In what follows, we present a Hermite (work) factor estimate, and experimental results that will allow us to choose safe parameters.

### 3.1.4.1 Hermite Factor Estimates

Gama and Nguyen [34] proposed a useful approach to estimate the hardness of the SVP in an \( n \)-dimensional lattice \( \Lambda_{\mathcal{L}} \) using the Hermite factor \( \delta \) defined as

\[
\left( \prod_{i=1}^{d} \lambda_i(\Lambda_{\mathcal{L}}) \right)^{1/d} \leq \sqrt{\delta} \text{VOL}(\Lambda_{\mathcal{L}})^{1/n},
\]

where in the equation \( \lambda_i(\Lambda_{\mathcal{L}}) \) denotes the \( i \)-th minimum of the lattice \( \Lambda_{\mathcal{L}} \) and \( d \) is any number between the range 1 \( \leq d \leq n \).
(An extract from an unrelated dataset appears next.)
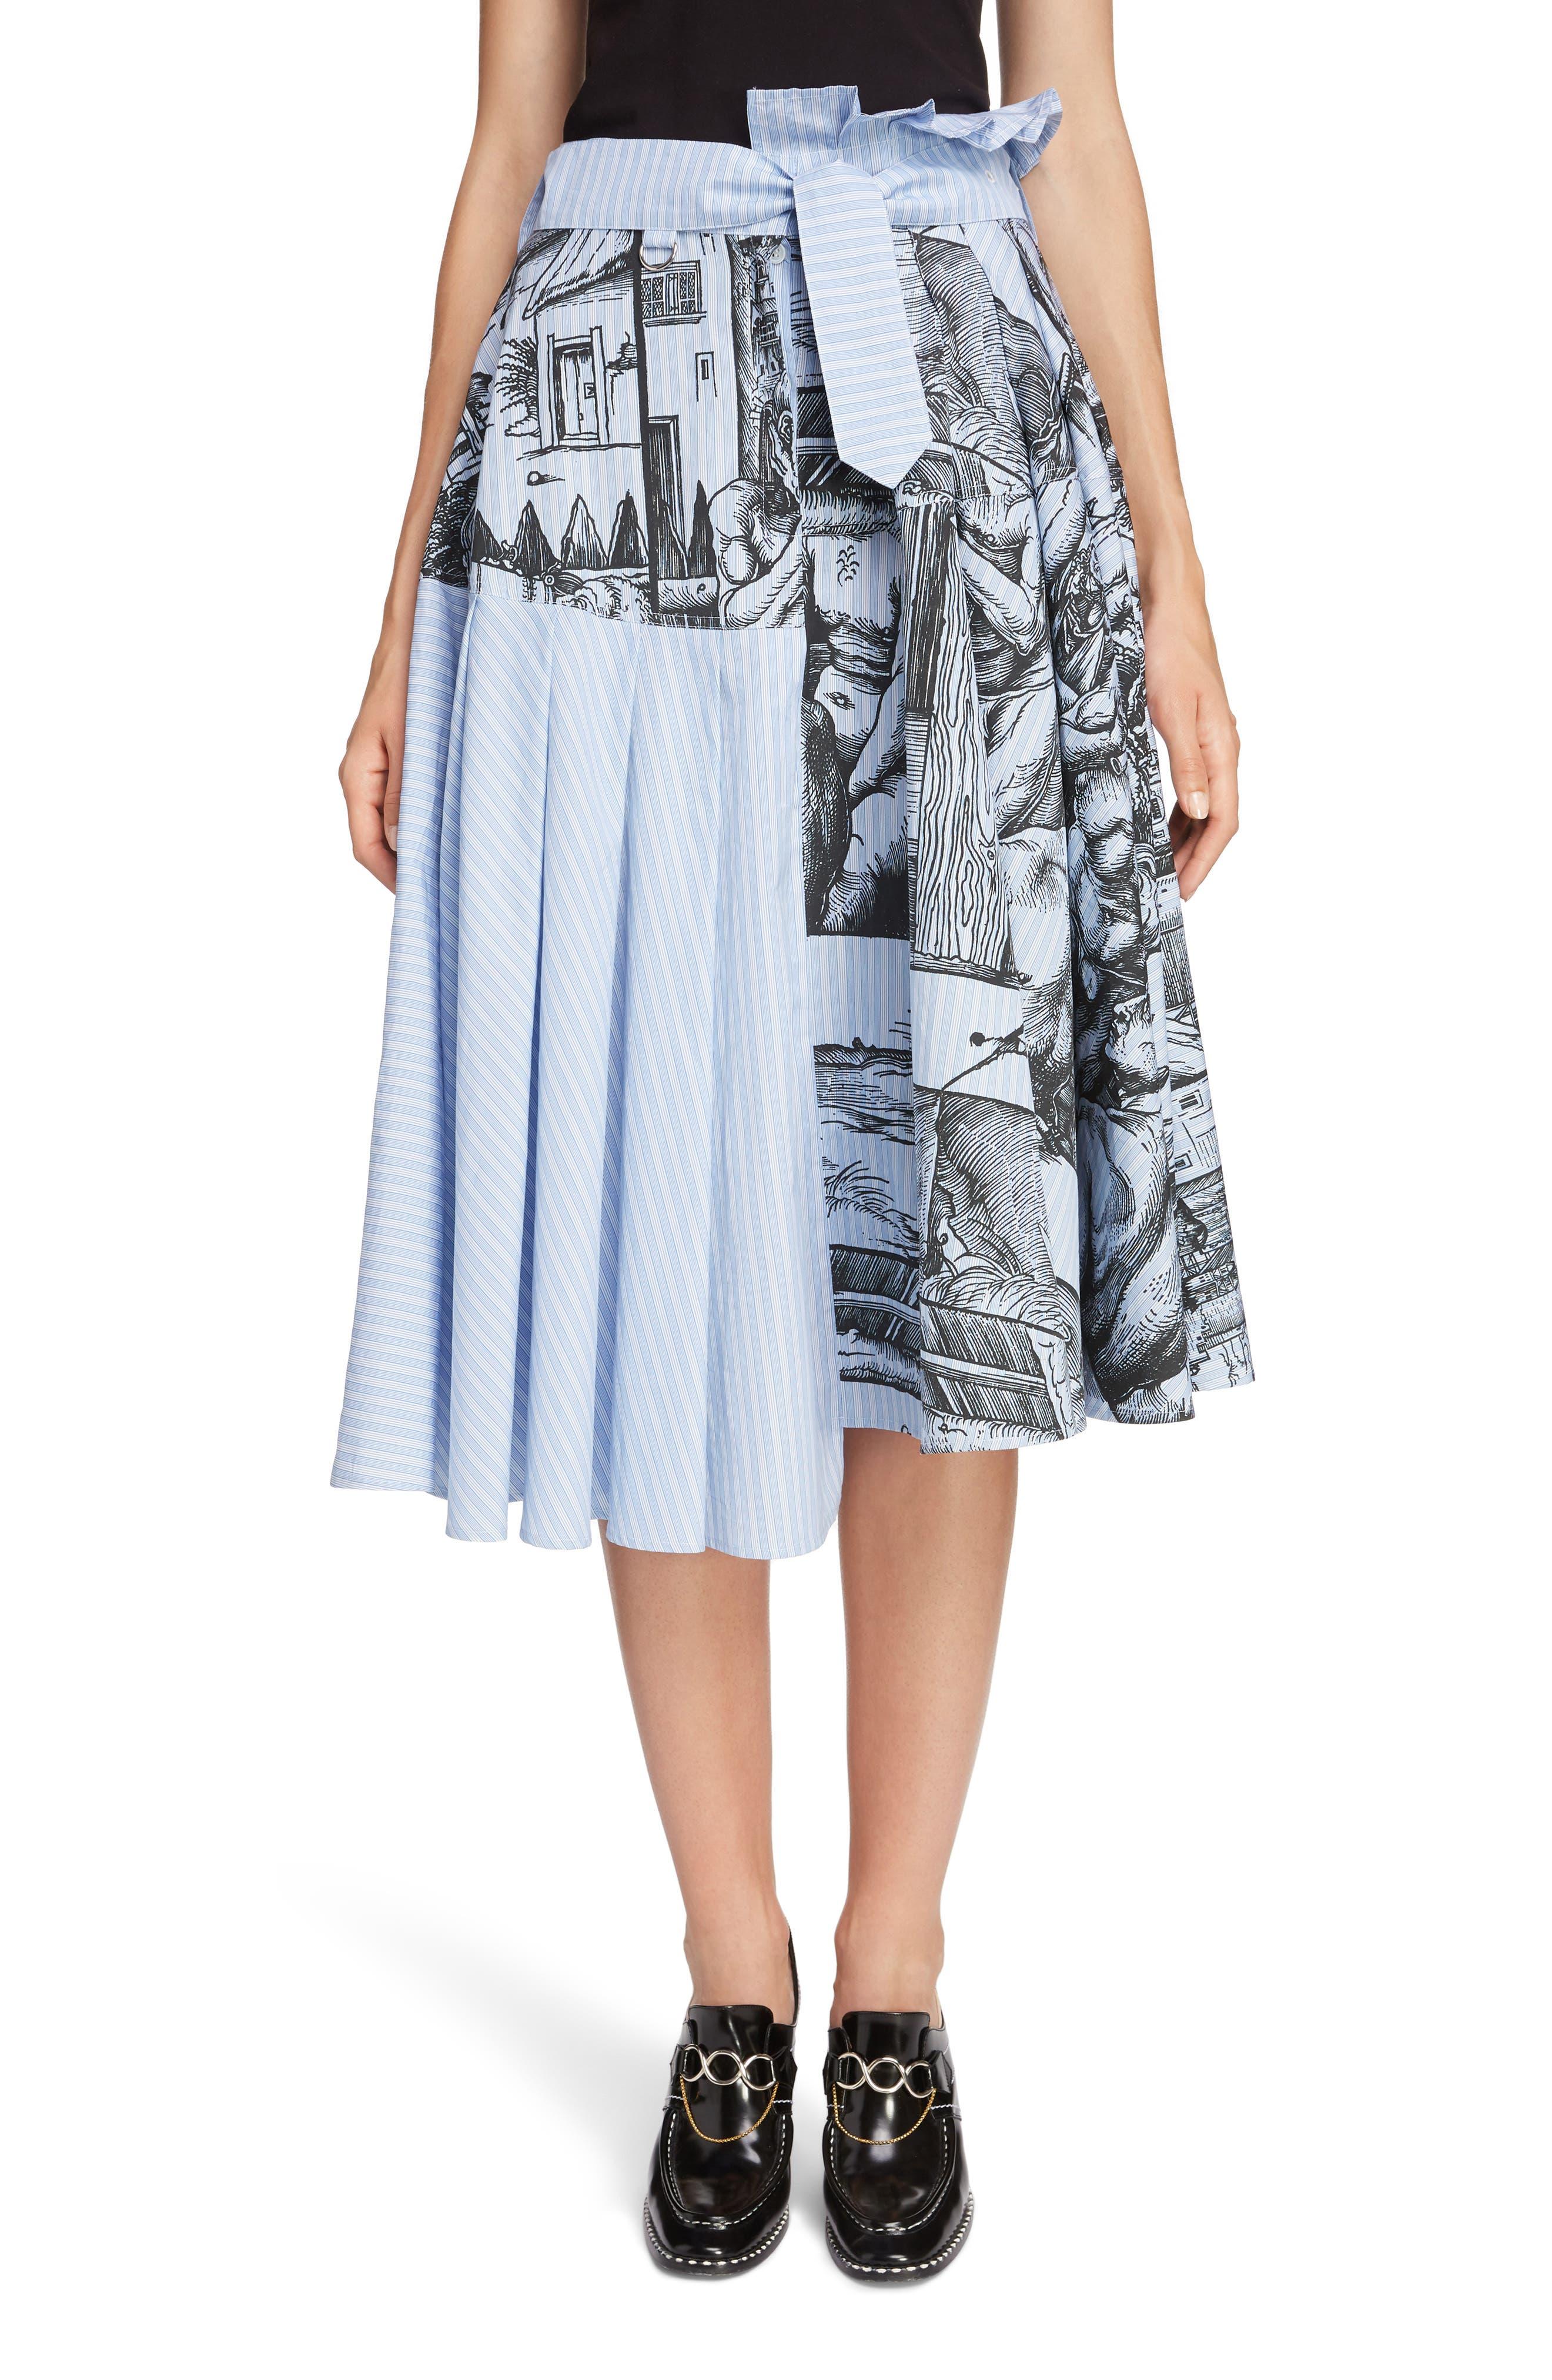 JW ANDERSON Dürer Scene Print Stripe Skirt, Main, color, CHINA BLUE

More practically we can compute \( \delta \) as

\[
\delta^n = \|b_1\|/\det(\Lambda_{\mathcal{L}})^{1/n}
\]

where \( \|b_1\| \) is the length of the shortest vector or the length of the vector for which we are searching. The authors also estimate that, for larger dimensional lattices, a factor \( \delta^n \leq 1.01^n \) would be the feasibility limit for current lattice re-
duction algorithms. In [32], Lindner and Peikert gave further experimental results regarding the relation between the Hermite factor and the break time as $t(\delta) := \log(T(\delta)) = 1.8/\log(\delta) - 110$. For instance, for $\delta^n = 1.0066^n$, we need about $2^{80}$ seconds on the platform in [32].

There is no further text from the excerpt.